Work order: For the entries below, work out how many lines include the string "White", then write only that number.

Task inputs:
◆ ◆ ◆

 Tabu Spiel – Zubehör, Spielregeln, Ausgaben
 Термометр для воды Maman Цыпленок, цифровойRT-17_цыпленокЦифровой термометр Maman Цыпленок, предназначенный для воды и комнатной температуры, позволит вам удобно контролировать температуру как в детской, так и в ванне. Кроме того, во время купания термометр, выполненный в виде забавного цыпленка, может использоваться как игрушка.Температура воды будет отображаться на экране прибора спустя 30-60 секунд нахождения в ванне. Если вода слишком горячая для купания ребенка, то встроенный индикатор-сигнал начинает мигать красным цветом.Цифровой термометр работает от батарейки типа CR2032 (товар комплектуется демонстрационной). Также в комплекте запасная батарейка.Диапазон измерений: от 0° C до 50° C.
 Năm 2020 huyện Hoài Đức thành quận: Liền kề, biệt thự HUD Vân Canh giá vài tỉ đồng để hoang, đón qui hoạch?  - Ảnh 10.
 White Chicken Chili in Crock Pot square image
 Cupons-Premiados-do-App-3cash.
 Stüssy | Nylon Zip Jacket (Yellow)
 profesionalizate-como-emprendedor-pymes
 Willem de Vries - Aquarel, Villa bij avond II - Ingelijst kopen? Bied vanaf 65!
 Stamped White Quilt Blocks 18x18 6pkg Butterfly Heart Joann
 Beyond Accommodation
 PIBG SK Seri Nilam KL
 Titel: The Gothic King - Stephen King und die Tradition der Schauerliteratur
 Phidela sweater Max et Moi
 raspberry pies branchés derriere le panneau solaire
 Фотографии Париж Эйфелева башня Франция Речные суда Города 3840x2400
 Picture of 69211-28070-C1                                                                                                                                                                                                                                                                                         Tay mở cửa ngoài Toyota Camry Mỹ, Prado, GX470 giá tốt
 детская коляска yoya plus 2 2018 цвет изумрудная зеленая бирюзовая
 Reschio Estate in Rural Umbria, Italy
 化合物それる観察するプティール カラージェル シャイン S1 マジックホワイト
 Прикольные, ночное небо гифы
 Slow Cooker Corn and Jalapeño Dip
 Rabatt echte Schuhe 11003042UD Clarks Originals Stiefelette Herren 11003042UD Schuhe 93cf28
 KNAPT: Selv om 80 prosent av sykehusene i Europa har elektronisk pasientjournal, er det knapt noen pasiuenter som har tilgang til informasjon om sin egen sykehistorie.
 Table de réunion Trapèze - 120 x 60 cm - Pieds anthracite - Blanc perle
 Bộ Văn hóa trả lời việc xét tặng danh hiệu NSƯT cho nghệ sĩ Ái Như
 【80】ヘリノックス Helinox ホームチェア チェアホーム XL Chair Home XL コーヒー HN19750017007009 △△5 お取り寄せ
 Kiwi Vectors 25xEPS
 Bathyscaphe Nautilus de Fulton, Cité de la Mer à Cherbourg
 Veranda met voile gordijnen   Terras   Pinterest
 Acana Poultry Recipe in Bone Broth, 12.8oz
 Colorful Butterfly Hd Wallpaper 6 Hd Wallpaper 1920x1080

◆ ◆ ◆

Answer space: 2